含铌、钼TiAl合金热变形及氧化行为研究

发布时间：2018-01-19 16:15

本文关键词： TiAl合金热变形行为热加工图包套轧制氧化行为　出处：《北京科技大学》2016年博士论文　论文类型：学位论文

【摘要】：TiAl合金具有低密度、高强度、优异的阻燃能力以及优良的抗蠕变性能和抗疲劳性能等优点,成为航空航天领域最具竞争力的轻质结构材料之一。但TiAl合金热变形能力差,室温塑性低以及750℃以上的抗氧化性能不足等制约了该合金的实际工程化应用。本文通过添加p相稳定元素(Nb和Mo)制备出高温时含一定量具有BCC结构的p相TiAl合金,提高了其热变形能力,同时改善了抗氧化性能。目前,有关添加Nb和Mo元素的含p/B2相TiAl合金的板材轧制及氧化行为方面的研究报道较少,也是该合金在工业试制过程中急需解决的关键性问题,对该合金最终实现商业化生产具有现实意义。本文对该合金的热变形行为、板材制备和氧化行为系统地开展了相关基础研究,主要工作和结果如下：(1)采用真空悬浮熔炉制备了尺寸为φ110mm × 190mm的Ti-44.45A1-3.80Nb-1.01Mo-0.29Si-0.14B合金(简称TNM合金)铸锭。经热等静压和均匀化处理后的TNM合金无明显成分偏析和微观裂纹,组织由γ/α2片层团、β/B2相和γ相组成,并确立了该合金的凝固过程和相变规律。(2)通过Gleeble3500模拟压缩铸态TNM合金实验证明含β/B2相的TNM合金具有较好的热加工性,可在1200～1250℃及0.01～0.5s-1区内进行变形,该合金属负温度敏感材料和正应变速率敏感材料,其流变应力曲线的升高、降低及平稳过程对应了加工硬化和应变软化的交替控制和动态平衡过程。利用摩擦修正后的热压缩实验数据求解了不同应变条件下的材料常数,构建了TNM合金的本构模型,并验证了此模型能很好的预测该合金的热变形流变规律。随变形温度升高和应变速率减小,TNM合金的动态再结晶的临界应变减小。TNM合金低温和高温变形机制分别以Y相位错滑移和β、α和γ相的位错滑移为主,变形软化机制为丫相的动态再结晶。在高温变形过程中β相起到协调或“润滑”作用,提高合金的变形能力。(3)基于动态材料模型(DMM),建立了铸态TNM合金的热加工图,研究了在热加工图不同区域中材料组织的演变规律,按能量耗散效率η将热加工图分为安全区域和流变失稳区域。

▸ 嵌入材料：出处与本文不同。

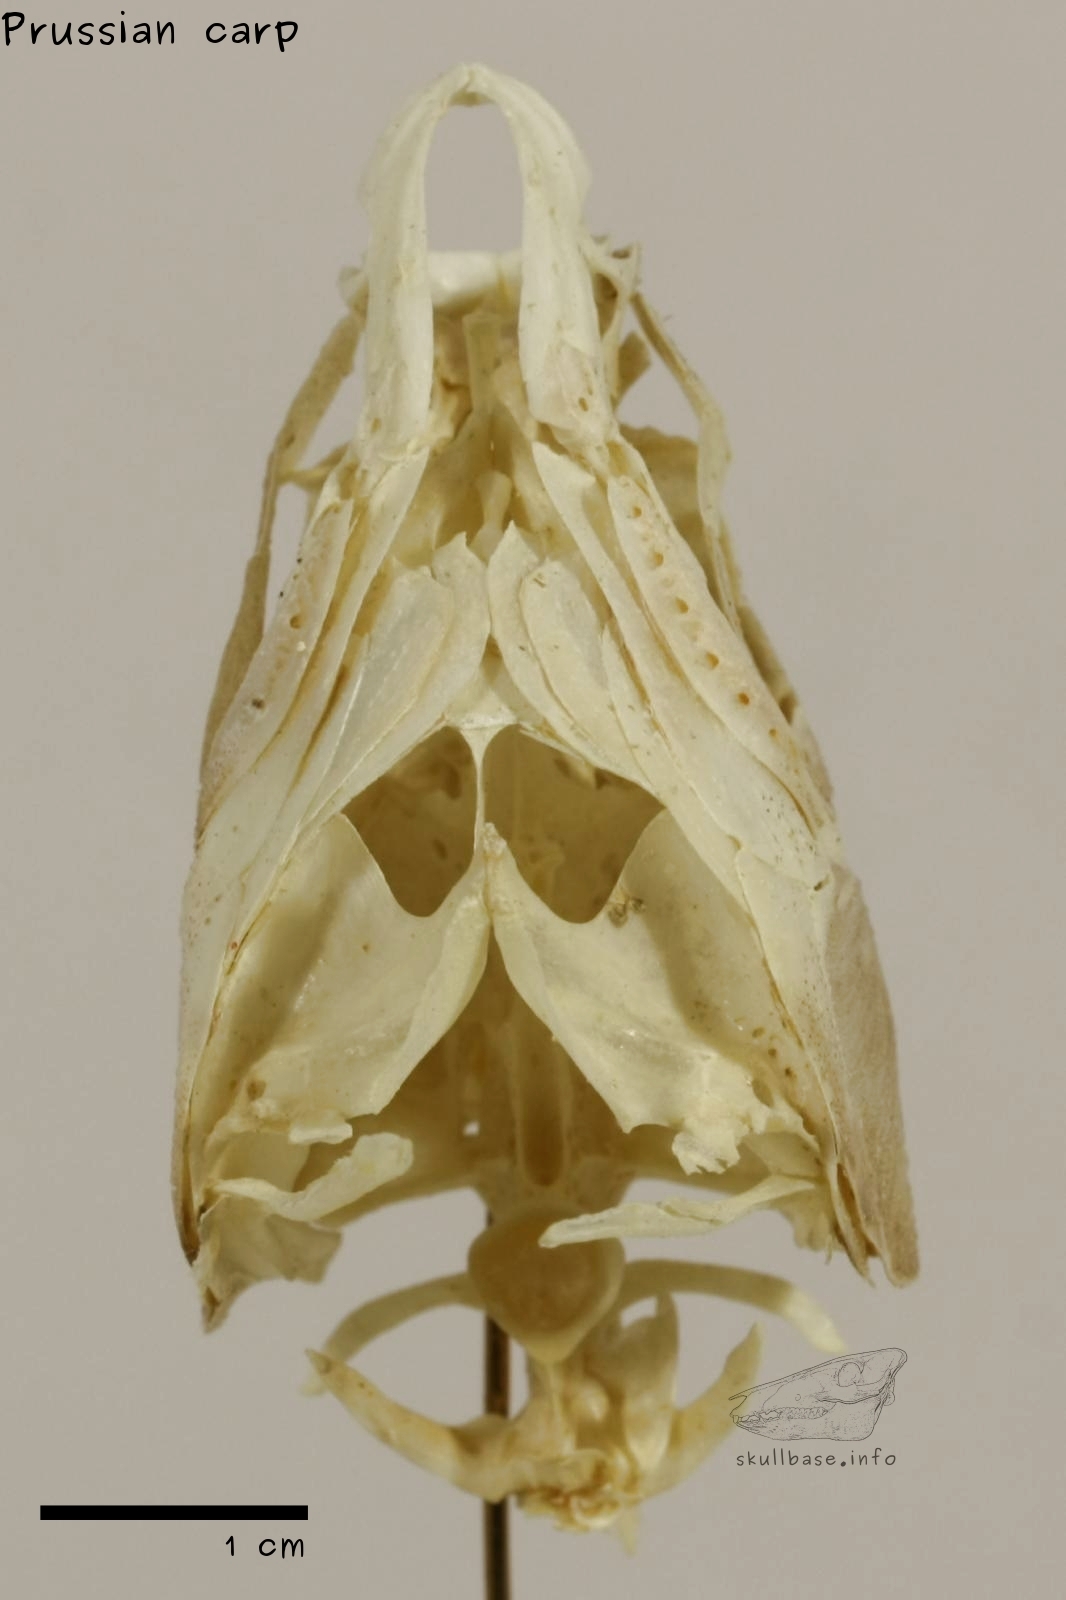 Prussian carp (Carassius gibelio) skull dorsal view

从未经锻造TNM合金铸锭上取料包套,成功地在加热温度为1250℃和道次轧制速度递减(112/75/55mm/s)的条件下轧制出尺寸为510mm × 105mm×1.40mm的板材。轧态TNM合金的显微组织为细小的近γ组织,通过热处理其力学性能得到改善。(4)在TNM合金升温阶段的氧化过程,氧化物首先在γ相上生长,774℃是氧化物明显迅速长大的开始温度点。TNM合金在800℃的氧化实验表明：等温氧化500h后氧化膜保持完整,循环氧化710次时氧化膜开始剥落,而外加拉应力则提高了合金的氧化速率;该合金抗氧化性能明显好于传统的Ti-48Al-2Cr-2Nb合金。Nb和Mo的协同作用改变了合金的氧化膜形成机制,形成连续致密的A1203氧化膜,可阻碍氧原子向内扩散降低了氧化速率,提高了TNM合金的长期抗氧化性。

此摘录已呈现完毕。